CodeForPittsburgh / food-access-map-data

Data for the food access map
MIT License
8 stars 18 forks source link

Add post-merged dataset sanity checking script #153

Closed maxachis closed 2 years ago

maxachis commented 3 years ago

Basically, check to make sure the merged_dataset.csv file:

And if those conditions aren't met, throw an error and don't add/commit.

Have this run within the rest of run.sh, after all the data prep scripts are occurring but before the final add/commit.

hellonewman commented 3 years ago

Mark Z and Max will take a look at this.

maxachis commented 2 years ago

Before I go any further with this script, I want to confirm that the merged_dataset.csv isn't missing any source orgs or source files currently. If not, my script will check to make sure the dataset contains the following:

source_org 1 Grow Pittsburgh
2 USDA Food and Nutrition Service
3 PA WIC
4 Allegheny County
5 FMNP Markets
6 Greater Pittsburgh Community Food Bank
7 Just Harvest

source_file
1 GP_garden_directory_listing-20210322.csv
2 https://services1.arcgis.com/RLQu0rK7h4kbsBq5/arcgis/rest/services/Store_Locations/FeatureServer
3 wicresults.json
4 https://services1.arcgis.com/vdNDkVykv9vEWFX4/arcgis/rest/services/Child_Nutrition/FeatureServer
5 https://services5.arcgis.com/n3KaqXoFYDuIhfyz/ArcGIS/rest/services/FMNPMarkets/FeatureServer
6 https://services1.arcgis.com/vdNDkVykv9vEWFX4/arcgis/rest/services/COVID19_Food_Access_(PUBLIC)/FeatureServer
7 Just Harvest Google Sheets

maxachis commented 2 years ago

I may also want to add sanity checking to ensure that each flag column contains both 0's and 1's. They don't all have to be 0's and 1's -- I can see some scenarios where something being "NA" is fine, but we'd probably avoid problems by simply ensuring that any flag column isn't ALL NA's.
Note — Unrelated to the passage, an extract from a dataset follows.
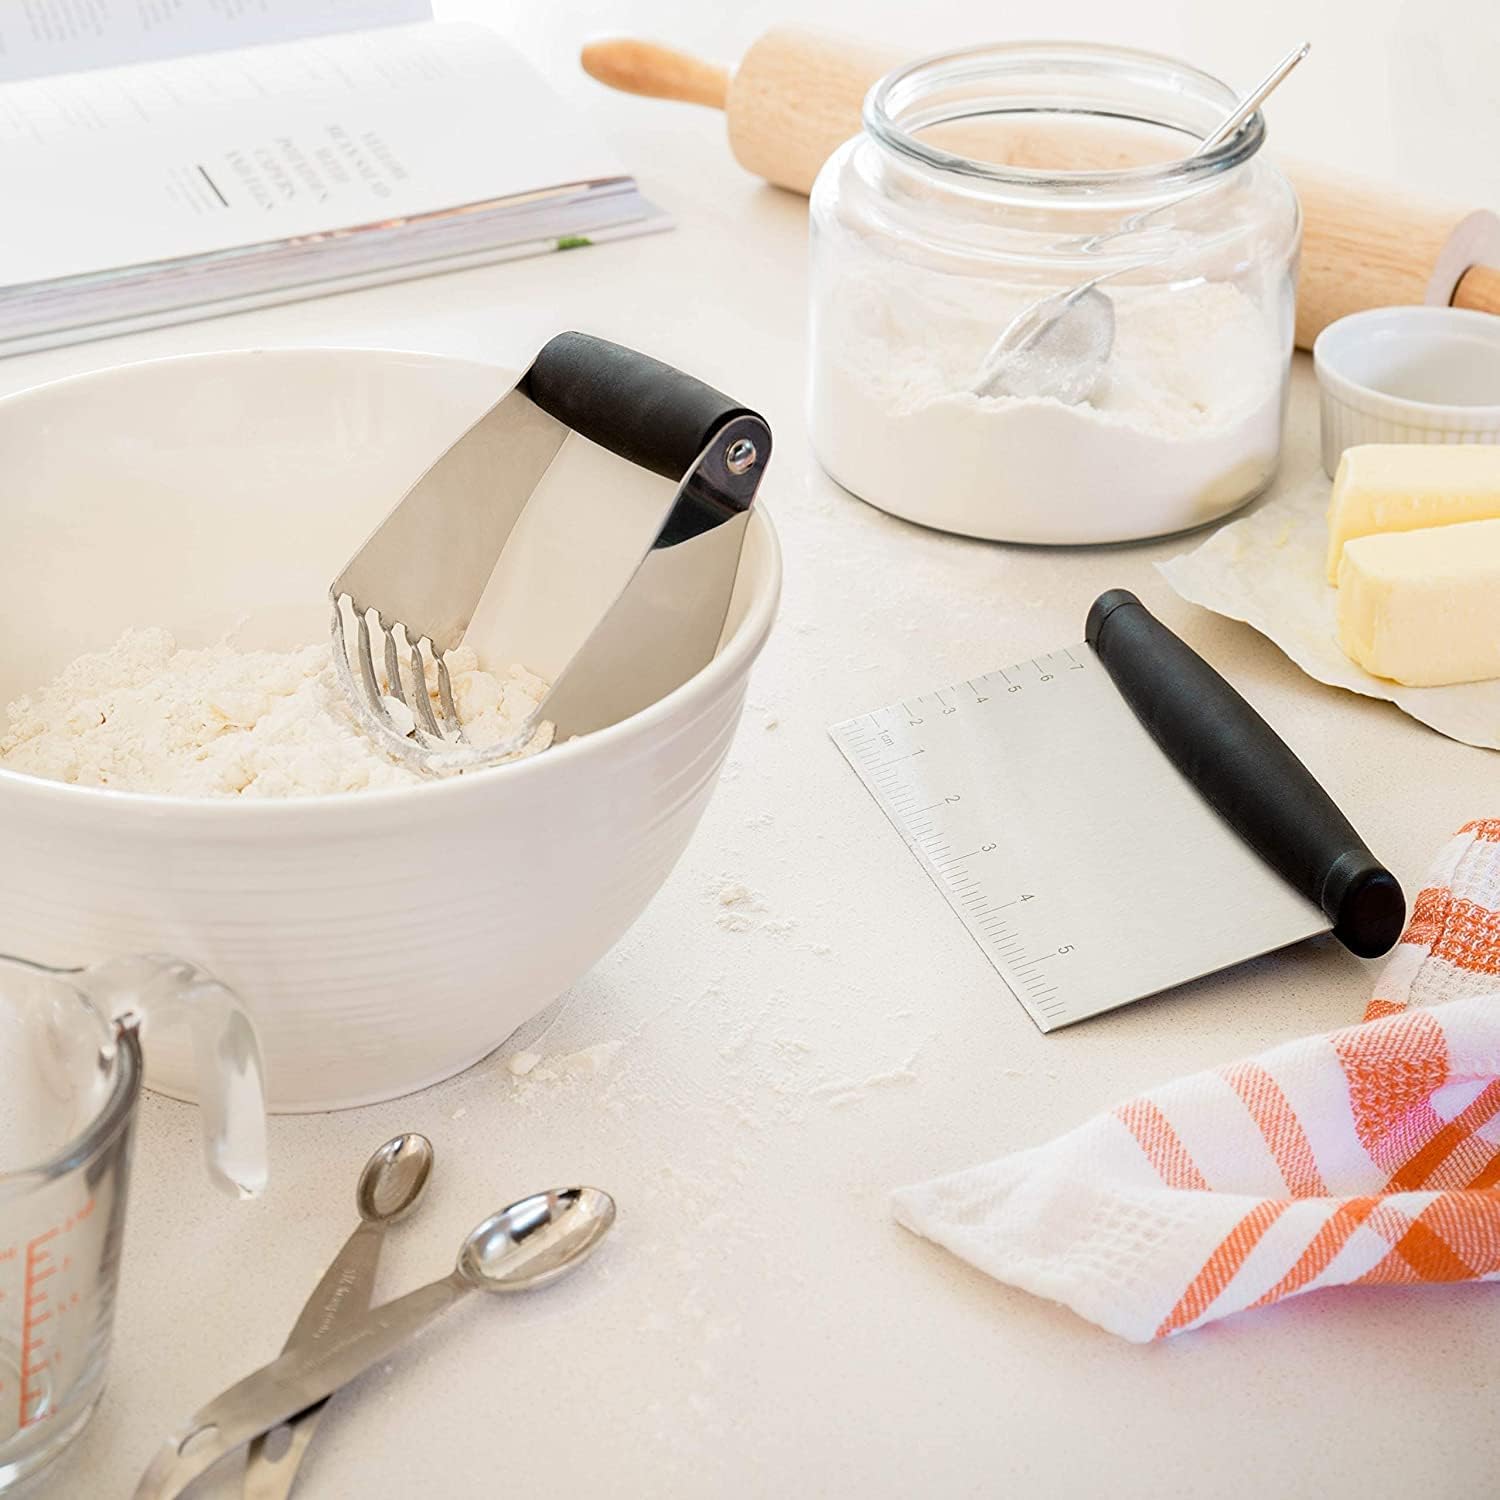 Dough Scraper: 8 Tools Under $10 That All Home Bakers Need

maxachis commented 2 years ago

Ellie gave the approval for all of the above, so Max, go ahead and put together this sanity checking script with the given parameters!

maxachis commented 2 years ago

I have created a pull request for this!

https://github.com/CodeForPittsburgh/food-access-map-data/pull/206

In addition to the logic of the sanity checking script, I should note that commands for adding and pushing to Git have been moved to the run.sh shell script from the Github Actions yaml file for generate_merged_datasets, so that they can properly be controlled by the sanity checking script.

At any rate, have a look at it and let me know if it looks good for merging!